Higher-form global symmetries generalize ordinary symmetries by acting on extended operators such as lines or surfaces rather than local fields. Davide Gaiotto at Perimeter Institute and Nathan Seiberg at Institute for Advanced Study framed this concept within quantum field theory, showing that these symmetries carry conserved charges supported on codimension-k manifolds and can possess their own anomalies. Understanding how these anomalies constrain low-energy physics extends the classic idea of anomaly matching pioneered for ordinary global symmetries to a wider class of constraints.

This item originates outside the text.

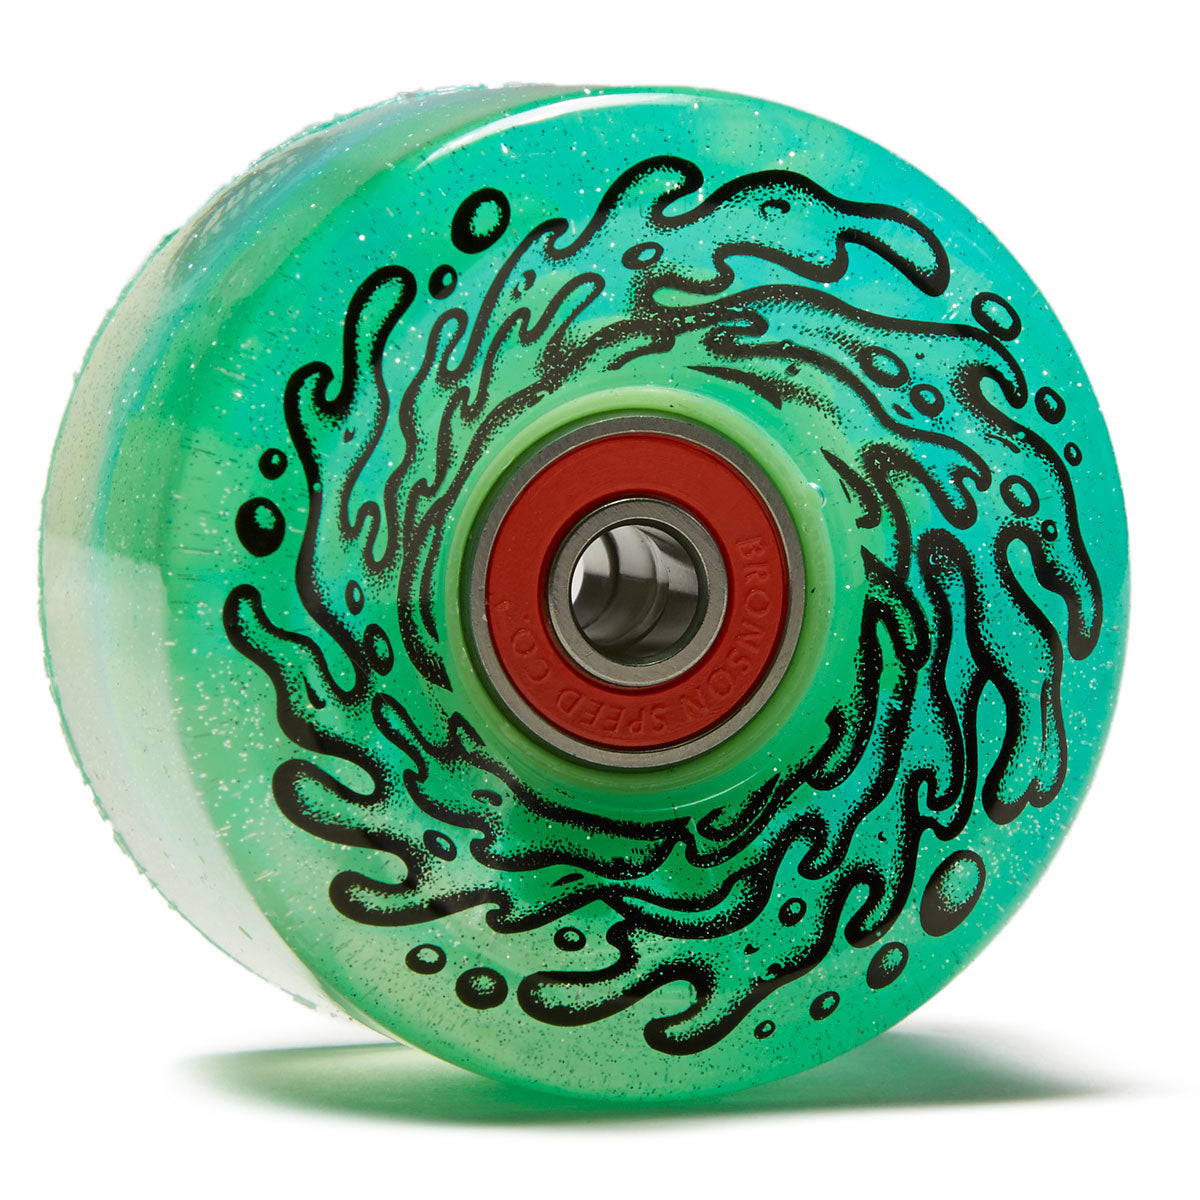 Slime Balls Light Ups OG Slime 78a Skateboard Wheels - Blue/Green Glitter - 60mm image 1
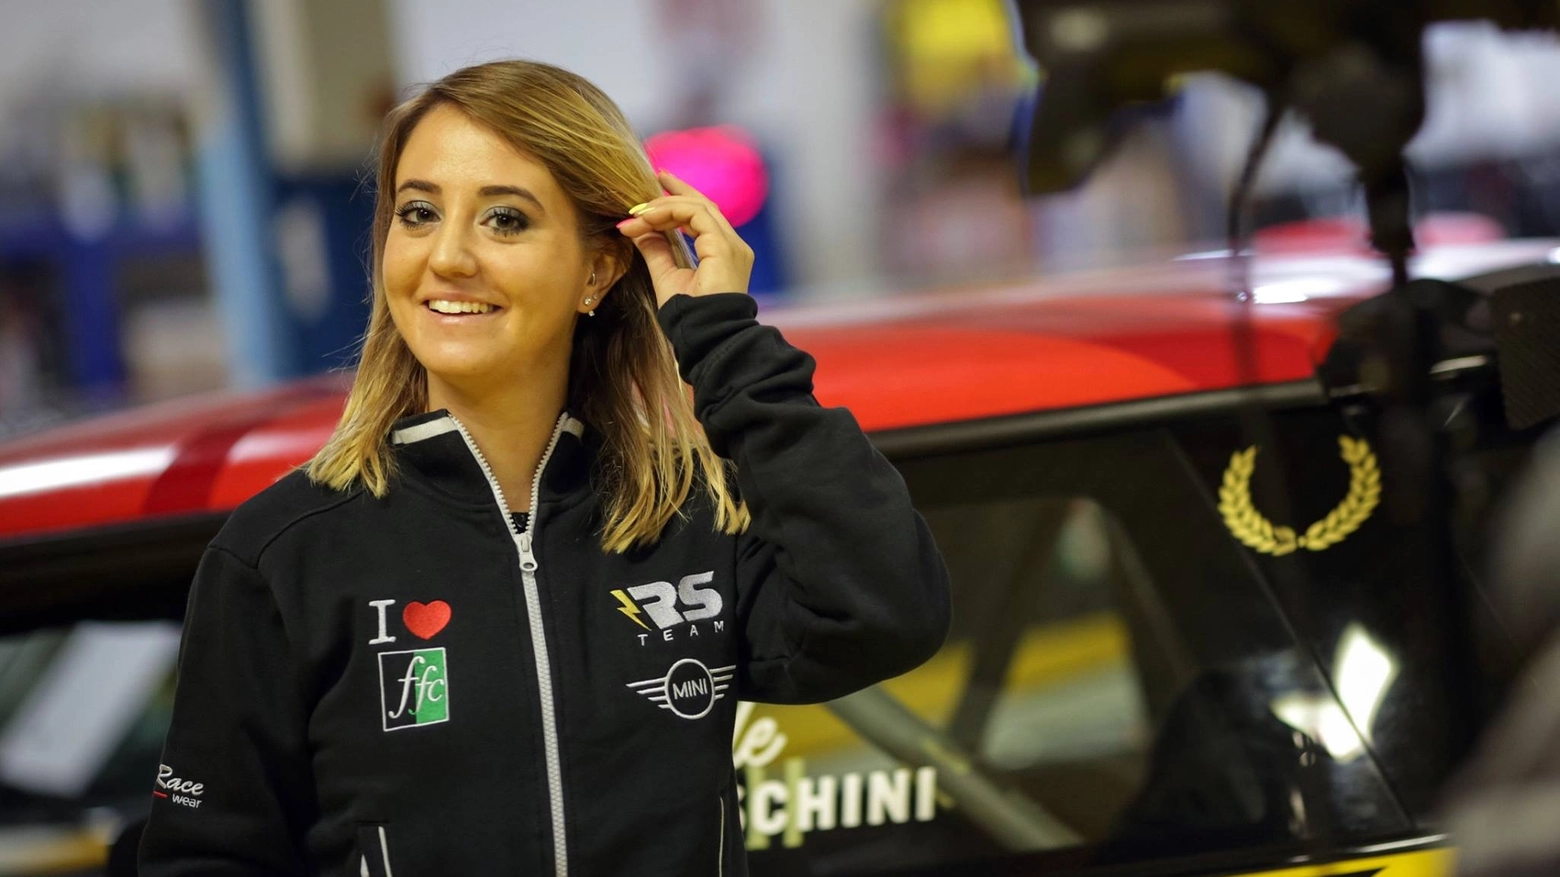 La 25enne pilota milanese, affetta da fibrosi cistica, ha da poco partecipato al Rally di Montecarlo e alla mitica Targa Florio

What higher-form symmetries are
A higher-form symmetry of degree p acts on p-dimensional operators. The canonical example in gauge theory is the one-form center symmetry of an SU(N) Yang-Mills theory which acts on Wilson line operators. Such symmetries can be exact, spontaneously broken, or explicitly broken by matter. They are characterized by background gauge fields that are differential forms of higher degree and by obstruction classes that record possible anomalies.
Anomalies and matching
Anomalies involving higher-form symmetries appear as mixed obstruction classes between different symmetry backgrounds or as failure of gauge invariance under large background transformations. The principle of anomaly matching remains: anomalies computed in the ultraviolet must be realized in the infrared either through massless excitations, topological quantum field theory sectors, or symmetry-breaking patterns. Practically, a mixed anomaly between a 0-form flavor symmetry and a 1-form center symmetry forbids a trivially gapped, symmetric vacuum. The modern language treats these anomalies via anomaly inflow from one higher dimension or via cohomological invariants, linking UV anomalies to robust IR phenomena.
Physical consequences and examples
In confining gauge theories a preserved one-form center symmetry implies area-law behavior for Wilson loops and constrains the spectrum to lack color-charged asymptotic states. If an anomaly ties that one-form symmetry to discrete chiral symmetry, the infrared must either break one of the symmetries or host topological order that reproduces the anomaly. These constraints have practical relevance beyond particle theory: condensed matter systems with emergent higher-form symmetries classify phases with loop or membrane excitations and guide the search for fault-tolerant qubits. Depending on topology and boundary conditions, anomalies can also force domain walls carrying lower-dimensional degrees of freedom, a feature exploited in engineered materials and quantum devices.